Regex, every non-alphanumeric character except white space or colon

How can I do this one anywhere?

Basically, I am trying to match all kinds of miscellaneous characters such as ampersands, semicolons, dollar signs, etc.

/[^a-zA-Z0-9\s\:]*/

T
Tudor Constantin
[^a-zA-Z\d\s:]

\d - numeric class

\s - whitespace

a-zA-Z - matches all the letters

^ - negates them all - so you get - non numeric chars, non spaces and non colons


That's what I was looking at also :)) - I have to promote your perfect answer
The only thing that I found is that this removes special characters like é or ã. I would prefer [^\w\d\s:].
Downvoted because this will not catch non-Latin characters, nor "special" Latin characters.
\d and \s are Perl extensions which are typically not supported by older tools like grep, sed, tr, lex, etc.
P
Peter Mortensen

This should do it:

[^a-zA-Z\d\s:]

The rest either check for space but not whitespace or have the negation in the wrong spot to actually negate.
\w catches underscores also - which is a non-alphanumeric character
Aha! I shall modify -- I didn't know that. I expect it works differently for different engines, but might as well give the OP the safe answer.
Downvoted because this will not catch non-Latin characters, nor "special" Latin characters.
N
Nick F

If you want to treat accented latin characters (eg. à Ñ) as normal letters (ie. avoid matching them too), you'll also need to include the appropriate Unicode range (\u00C0-\u00FF) in your regex, so it would look like this:

/[^a-zA-Z\d\s:\u00C0-\u00FF]/g

^ negates what follows

a-zA-Z matches upper and lower case letters

\d matches digits

\s matches white space (if you only want to match spaces, replace this with a space)

: matches a colon

\u00C0-\u00FF matches the Unicode range for accented latin characters.

nb. Unicode range matching might not work for all regex engines, but the above certainly works in Javascript (as seen in this pen on Codepen).

nb2. If you're not bothered about matching underscores, you could replace a-zA-Z\d with \w, which matches letters, digits, and underscores.

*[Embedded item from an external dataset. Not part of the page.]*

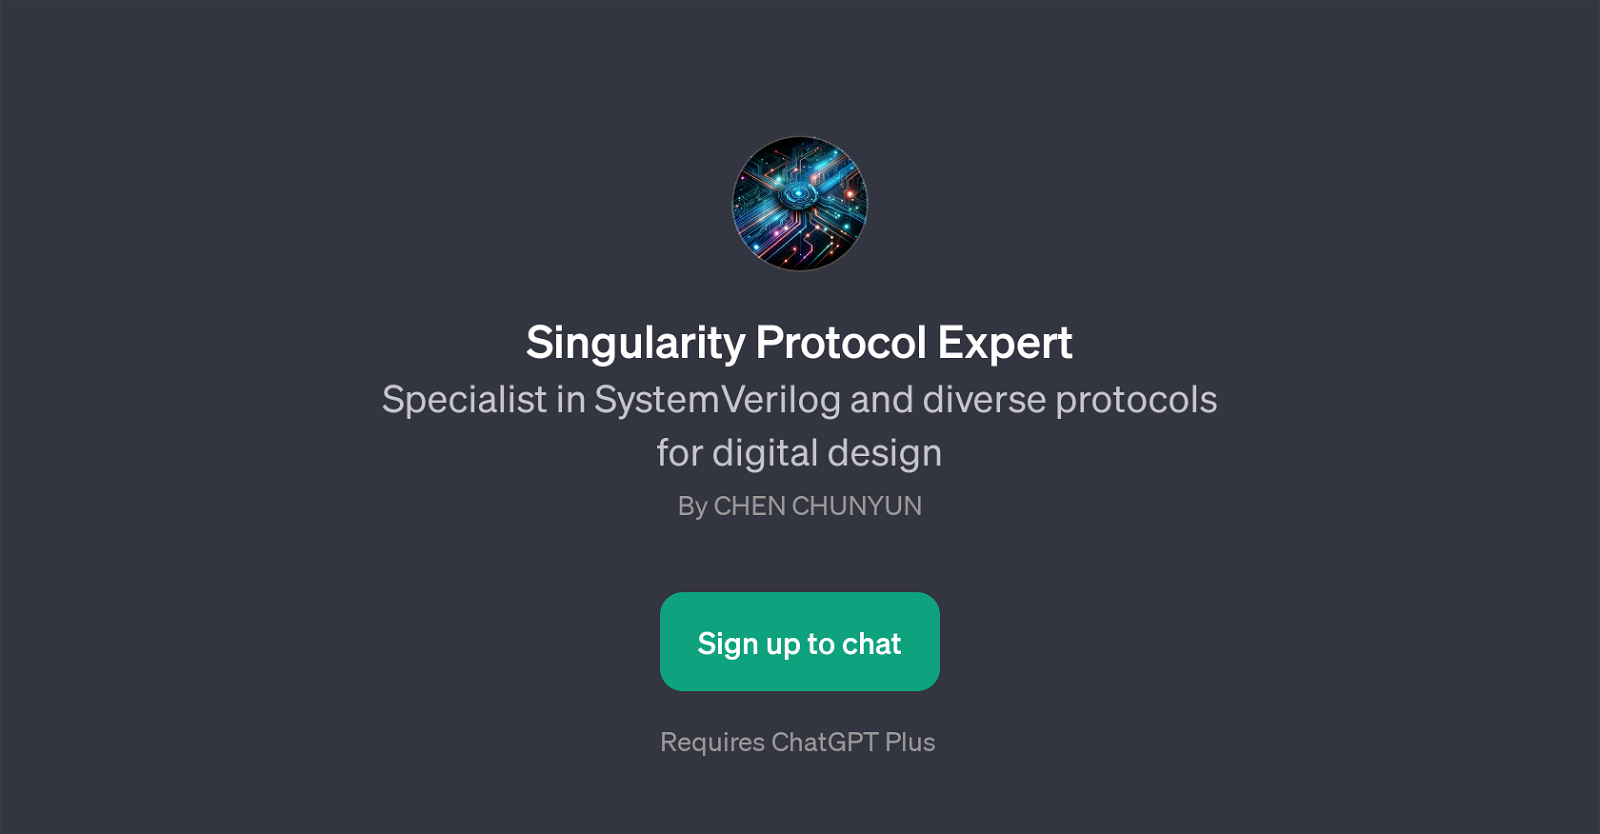 Singularity Protocol Expert website

This range contains some characters which are not alphanumeric (U+00D7 and U+00F7), and excludes a lot of valid accented characters from non-Western languages like Polish, Czech, Vietnamese etc.
Upvoted for the description of each part of the RegEx.
P
Peter Mortensen

Try this:

[^a-zA-Z0-9 :]

JavaScript example:

"!@#$%* ABC def:123".replace(/[^a-zA-Z0-9 :]/g, ".")

See a online example:

http://jsfiddle.net/vhMy8/


Downvoted because this will not catch non-Latin characters, nor "special" Latin characters.
It is easy to down vote an answer, and yet more difficult to provide constructive information to the board, e.g. how does one then catch non-Latin characters, nor "special" Latin characters? As of my count to here you have down voted 3 answers for the same reason, and in my opinion for a rather minor tweak. For example, I am here to find a regex for exactly what is discussed in these answers. I don't care about character sets that will not be used in my application. Law of diminishing returns.
Aaron might be a "minor tweak" to a US citizen, but highly relevant for... the rest of this planet.
[^a-zA-Z0-9 :] can be replaced with [^\w:]
\w includes underscores also, so keep an eye on that
V
Vasyl Gutnyk

No alphanumeric, white space or '_'.

var reg = /[^\w\s)]|[_]/g;

P
Peter Mortensen

If you mean "non-alphanumeric characters", try to use this:

var reg =/[^a-zA-Z0-9]/g      //[^abc]

C
Chris Halcrow

In JavaScript:

/[^\w_]/g

^ negation, i.e. select anything not in the following set

\w any word character (i.e. any alphanumeric character, plus underscore)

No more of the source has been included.